#### [What the exercise asks]
Your answer must be an exact copy of the listing that follows, with all pictures omitted.

#### [Data]
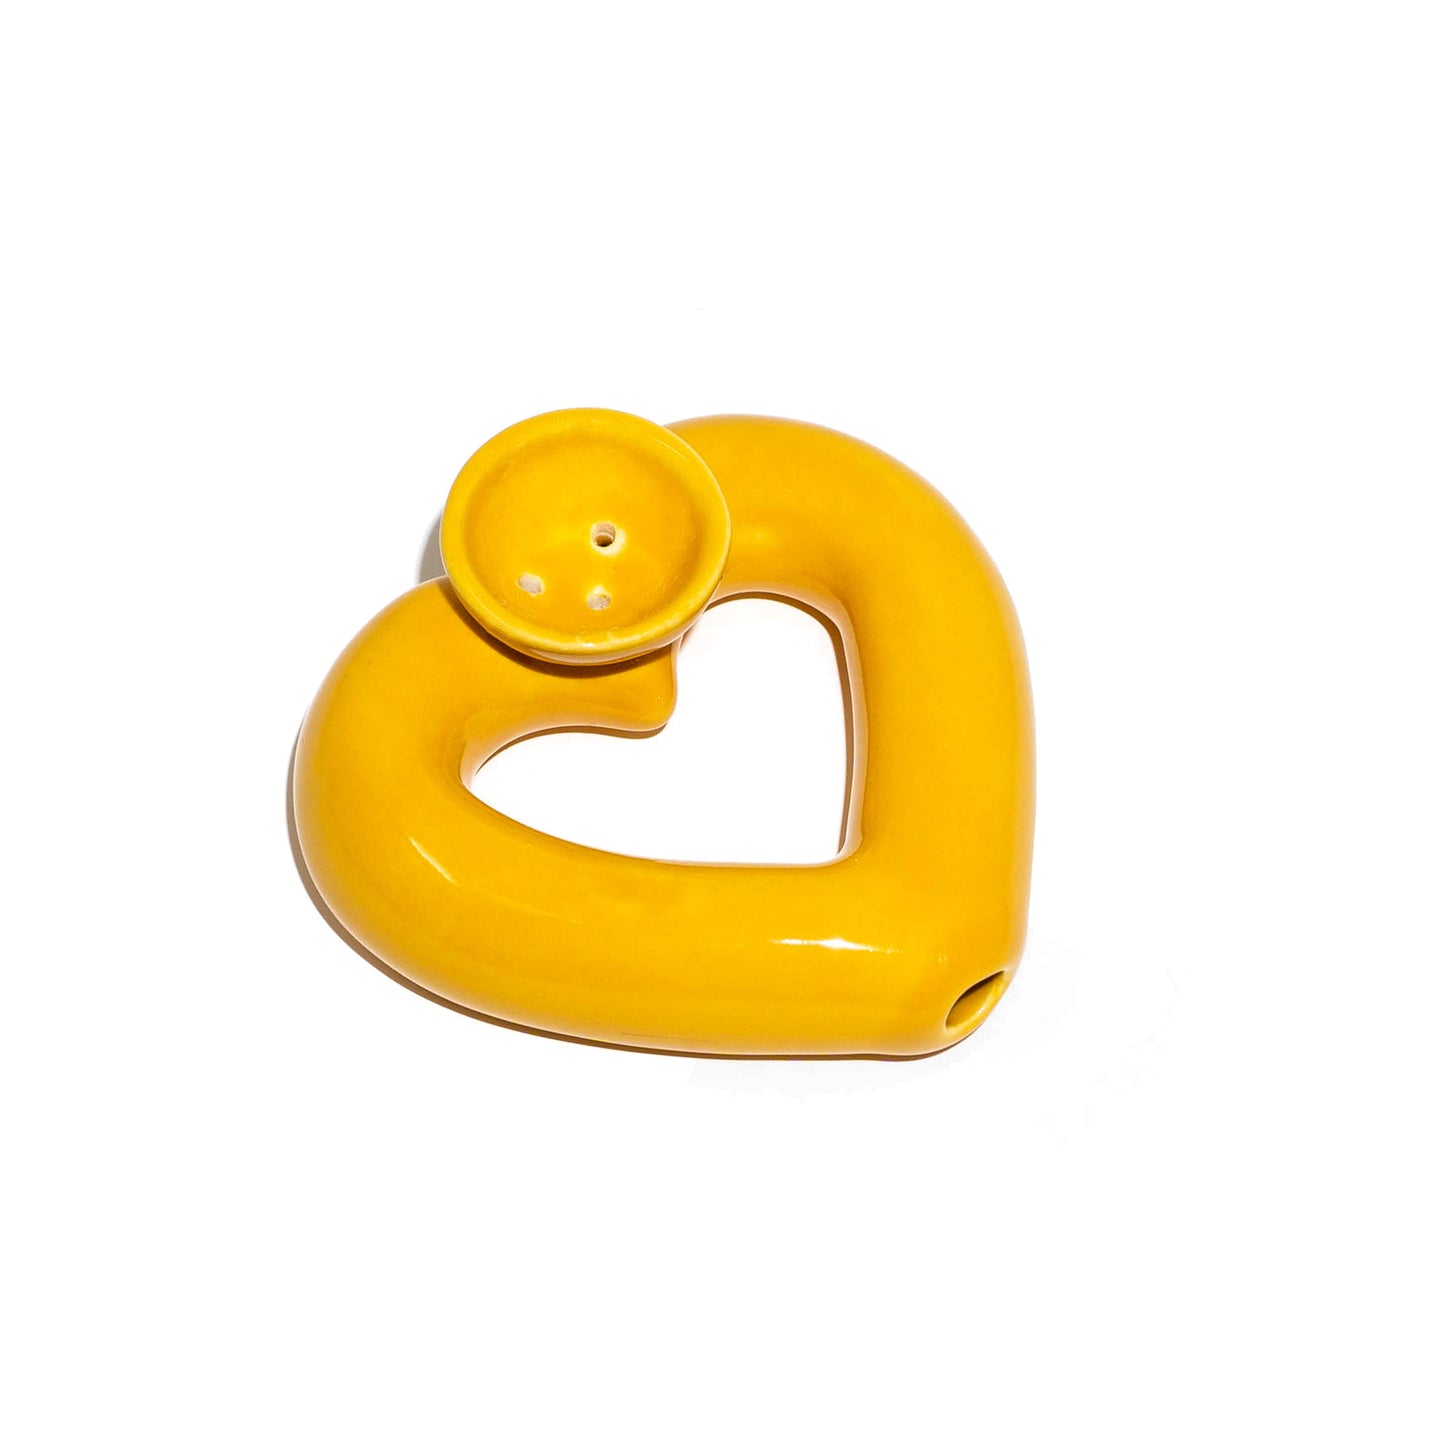 YELLOW BURNING UP 4 UR LOVE HEART TOBACCO PIPE
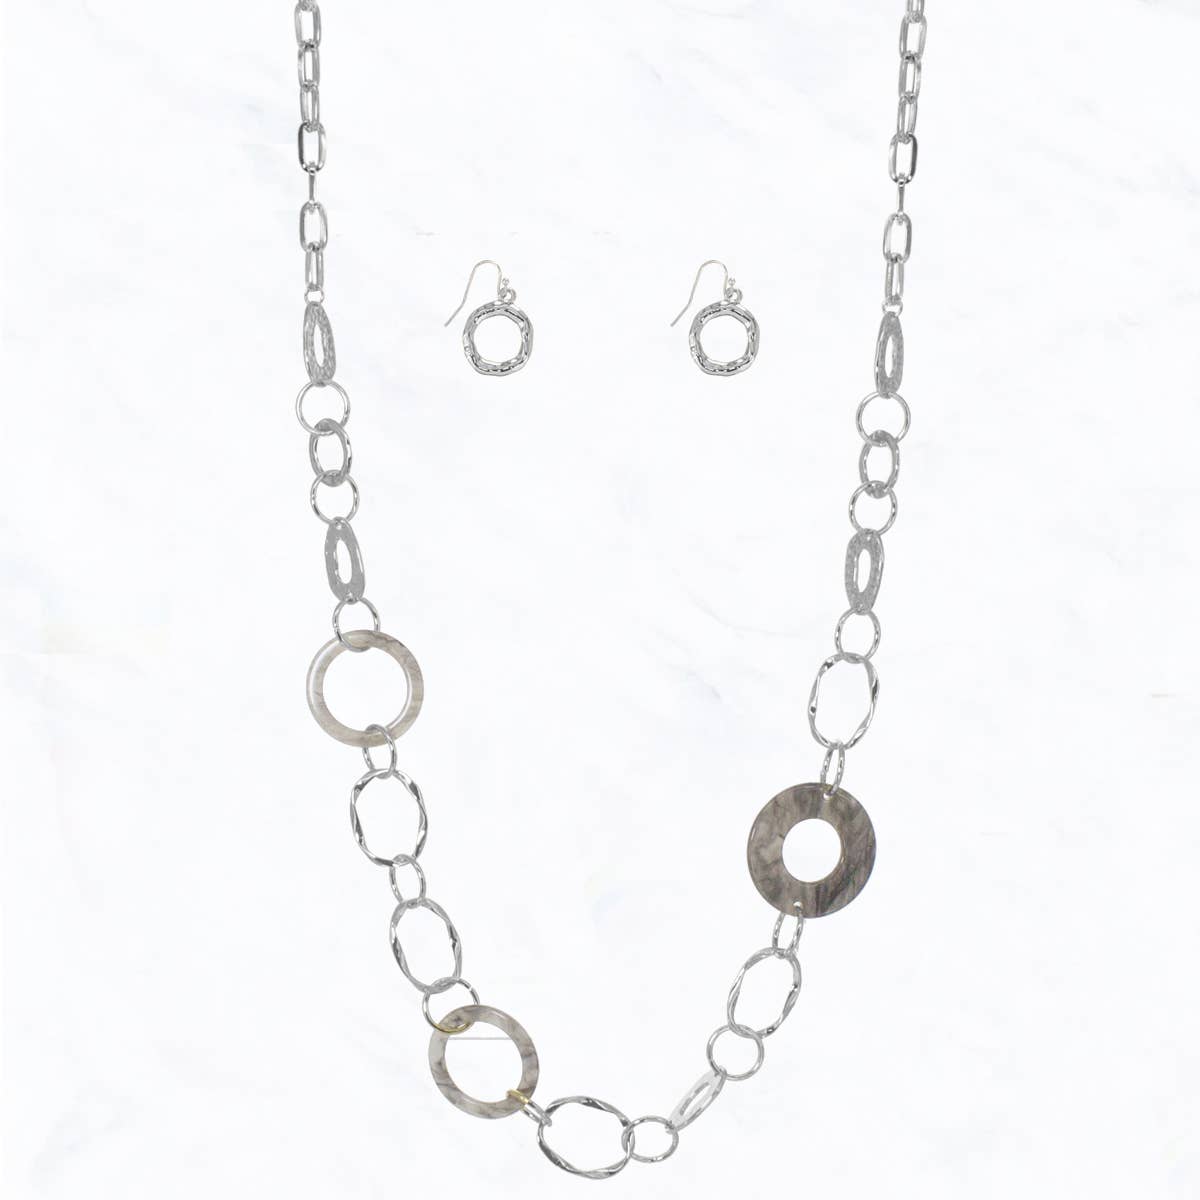 Cut-Out Circle Resin, Metal Link Chain Toggle Long Necklace
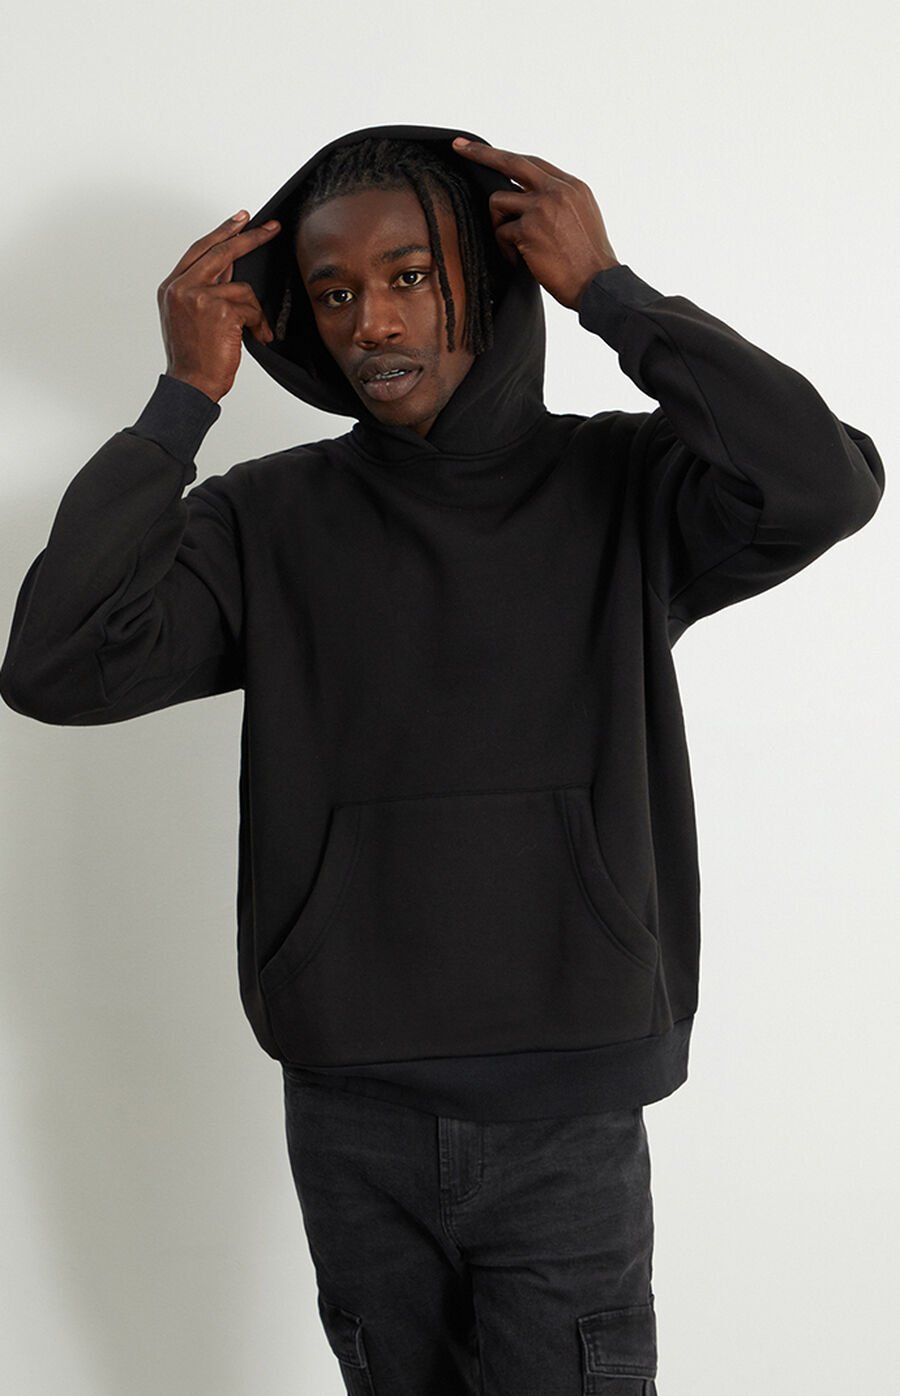 PacSun Black Solid Hoodie | PacSun

#### [Exercise solution]
 YELLOW BURNING UP 4 UR LOVE HEART TOBACCO PIPE
 Cut-Out Circle Resin, Metal Link Chain Toggle Long Necklace
 PacSun Black Solid Hoodie | PacSun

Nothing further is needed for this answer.